The pre '64 guns were made MUCH better as far as quality goes. The fit to finish is better and the quality of metal work was higher before mass production came about. I have a '43 model 70 in .270Win and love it. The old bastage will drive tacks with 130gr ballistic tips. :sniper:


----------



## sdeprie (May 1, 2004)

There is a lot of controversy about pre and post 64 winchesters. I'm not an expert except that there were a few design changes, such as mentioned above. I believe the extractor was also changed. However, there have been lots of changes since 64, and now most people agree that the new winchester 70's are just as high quality as before.
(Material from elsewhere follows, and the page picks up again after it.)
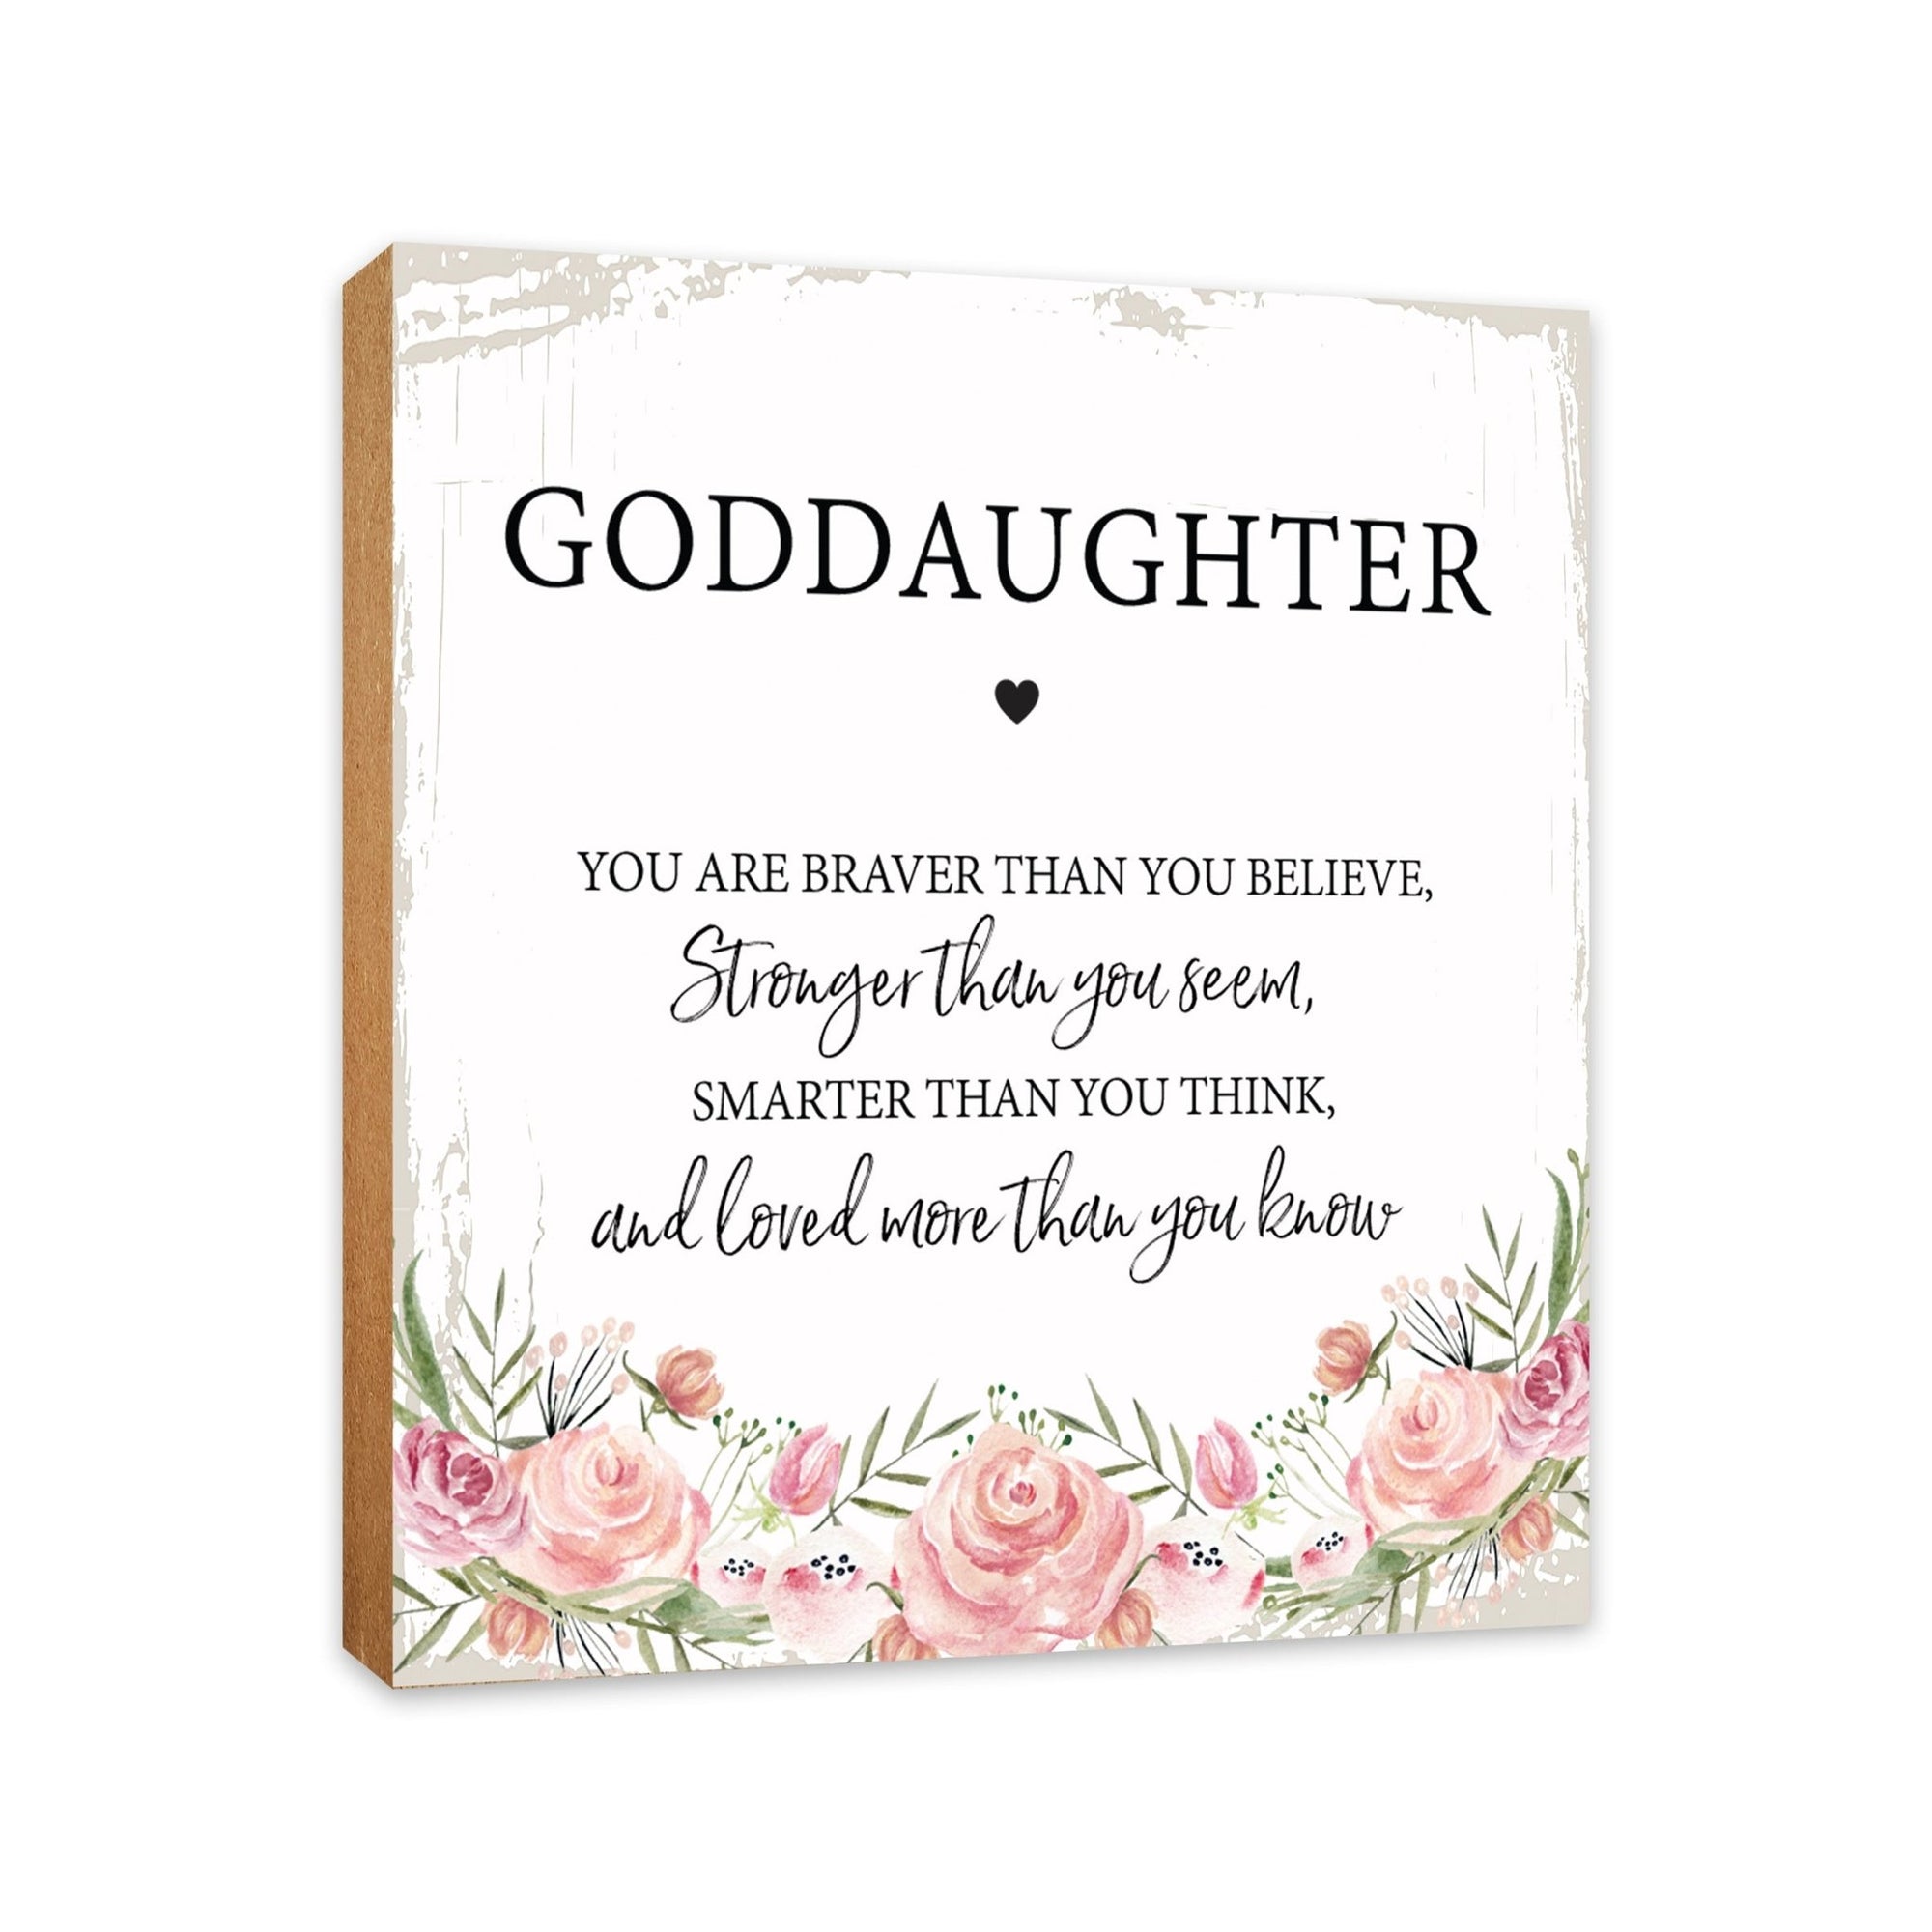 Goddaughter, You Are Braver Floral 6x6 Inches Wood Family Art Sign Tabletop and Shelving For Home Décor - LifeSong Milestones

Just a thought; before you make that statement "They sure don't make them like they used to." Tell me how many 1964 cars are around and how many went 80,000 mi without a tune-up, or get 200,000 miles before they wear out. Just a thought.


----------



## northerndave (Dec 6, 2004)

These guys are right about the bolt type & all of this. They also started doing some press checkering in the stocks for a while (I never cared for that). Push feed bolt vs the claw type... I don't know. I've got 2 post 64 push feed types & one pre 64. I kind of like the simplicity of the push feed & I think the current quality is very good regaurdless of action type. The big difference is market value, your pre 64 is worth more money than a 68 model. Around late 60's early 70's they played around with models like 770, 870, most of em had no floor plate, press checkering, push feed.... It seemed to me they hit rock bottom with cost cutting efforts right in that time frame & have since climbed out. Either way, a model 70 in 30-06 is a heck of a rifle. (your old one is just worth more that's all)


----------



## chiefsix (Nov 16, 2004)

I also own a model 70, and it is one of my favorite guns as well. One of the differences is the "Claw type " extractor on the newer model 70's. Its very strong and grips a larger portion of the shell casing rim for more reliable extraction.Or so they say.

Mine has the press checkering, and finish is excellent. All around great rifle, very accurate. The only issue I have ever had with mine is that when they are new, the safety's tend to be a bit "stiff" with a audible click on actuation. Not a issue for some folks, unless your about to try and quietly take aim on that big buck youve been waiting on all year. eventaully it wore in and quited down though. I asked a gun smith and he said the pre 64's didnt have this problem, seems to be newer production thing. Mine is a feather weight with a BOSS system and it will drive tacks. All and All, I prefer it to all my other bolt rifles.


----------